Thursday, January 28, 2010

Bon'er Pakhi ... The Freebird

“Not that anything of moment happened that morning. It was simply a non momentous day in a momentous time. A day to sit and wait for the seconds, hours and minutes to tick.” [1]. Nothing happened either that morning or the night prior, or even during the week that ensued.

The micro and the macro analysis are ever so different be that of what it is. Yes, the broader picture of me remaining as morbid as I usually am, never changed. Something sublime just stirred deep within somewhere at too micro a plane but somehow managing forever to remain innocuous to one and all.. to everyone, somehow defying the much hyped – Butterfly Effect!!
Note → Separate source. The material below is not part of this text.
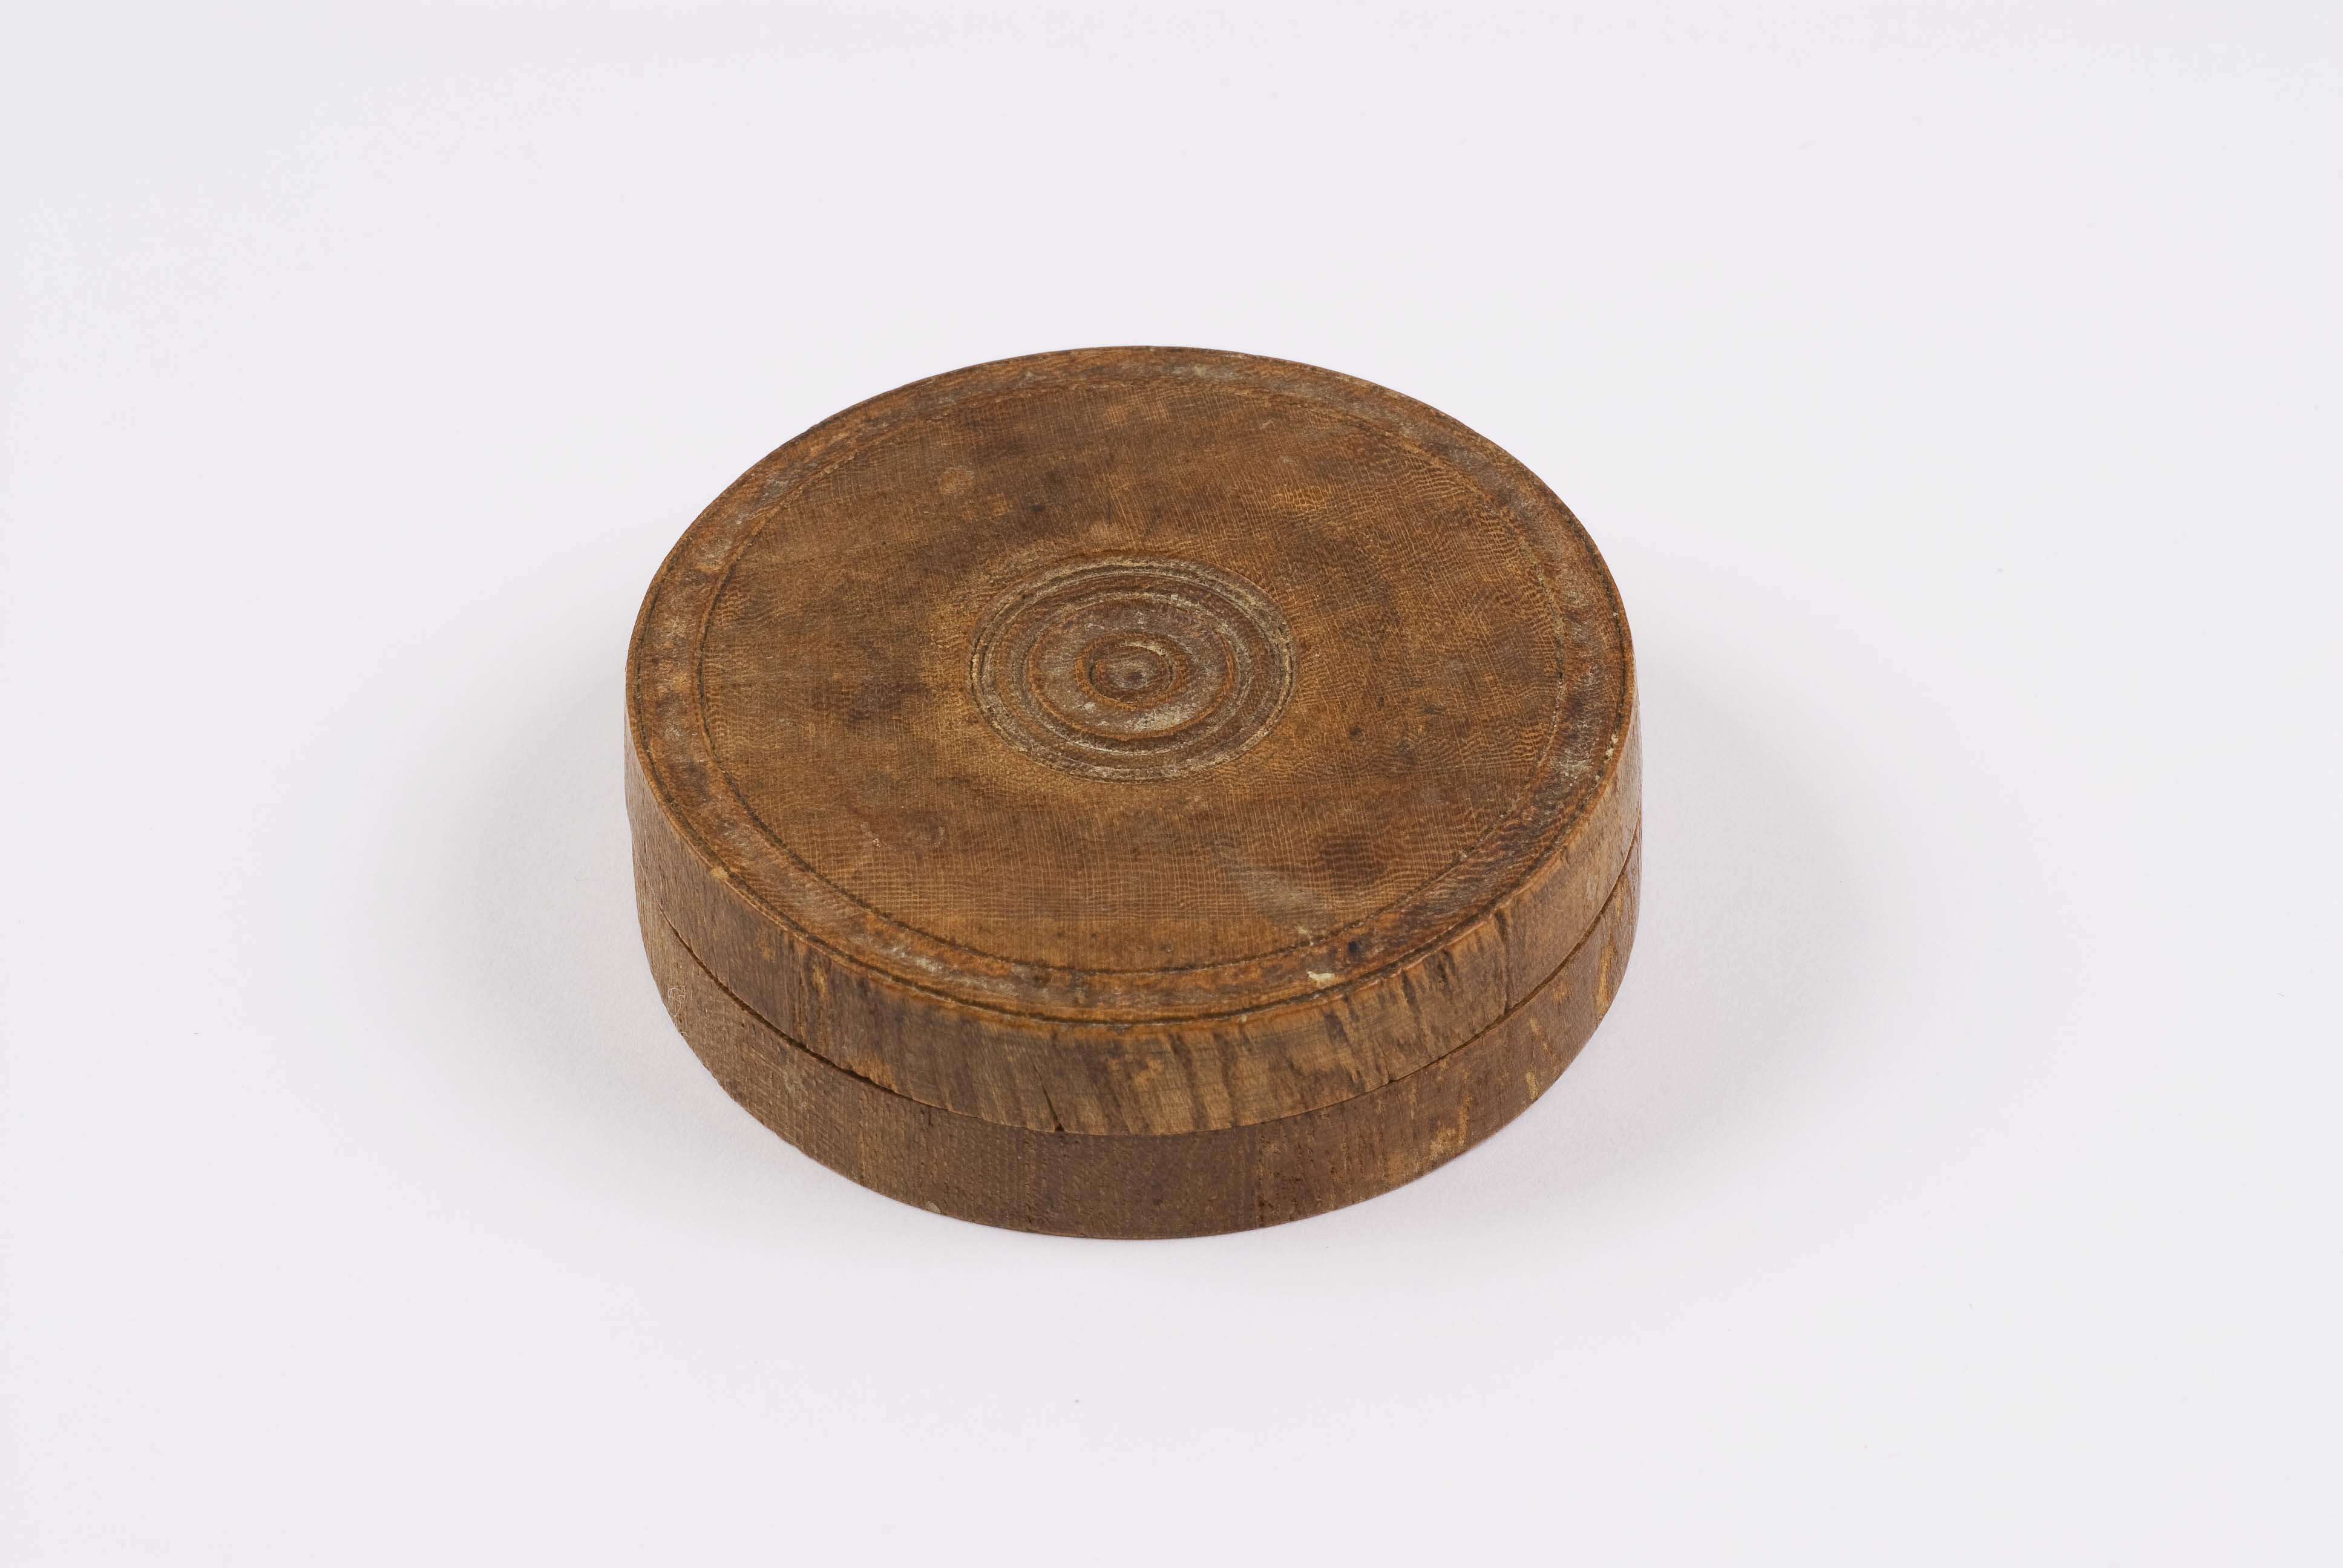 Box made from the wood of the Great Elm, witness to the Treaty of Friendship between Tamenend and Penn

Someone just got liberated! Nahh! That didn’t sound huge. But for heaven’s sake I am screaming out loud that someone just got LIBERATED! Liberation at the level of an individual, a liberation from the estrangement that we choose to perpetuate with each breath of ours, demolishing the alienation that causes me to hold on to my ego and not reach out even when I know I should, breaking free from all that pushes an individual to choose oblivion. Someone just got liberated!

A friend just died… not literally may be… but definitely he died. Death to me today represents a barrier between me and my realizations. And perhaps also a barrier between the ‘ought’ and the ‘is’! Death physically represents a distance, a distance that is an incentive itself – ballyhooing all that is lost and all the ‘to be achieved’ and ‘to be realized’ organized on the other side. He just crossed that line; I am left behind. That he has reached the other side is death, a death in the civil society that I live in. He left his alienation behind. He made even the ennui of time seem momentous!

Liberty no longer remains as a definable word to me. It no longer implies to me the freedom from external control – it rather is now, the independence from my own confinements created by the alienation that pervades my existence; it is the shearing of that very same estrangement that demarcates the line between me and death, between me and my friend. Goodbye Tanay!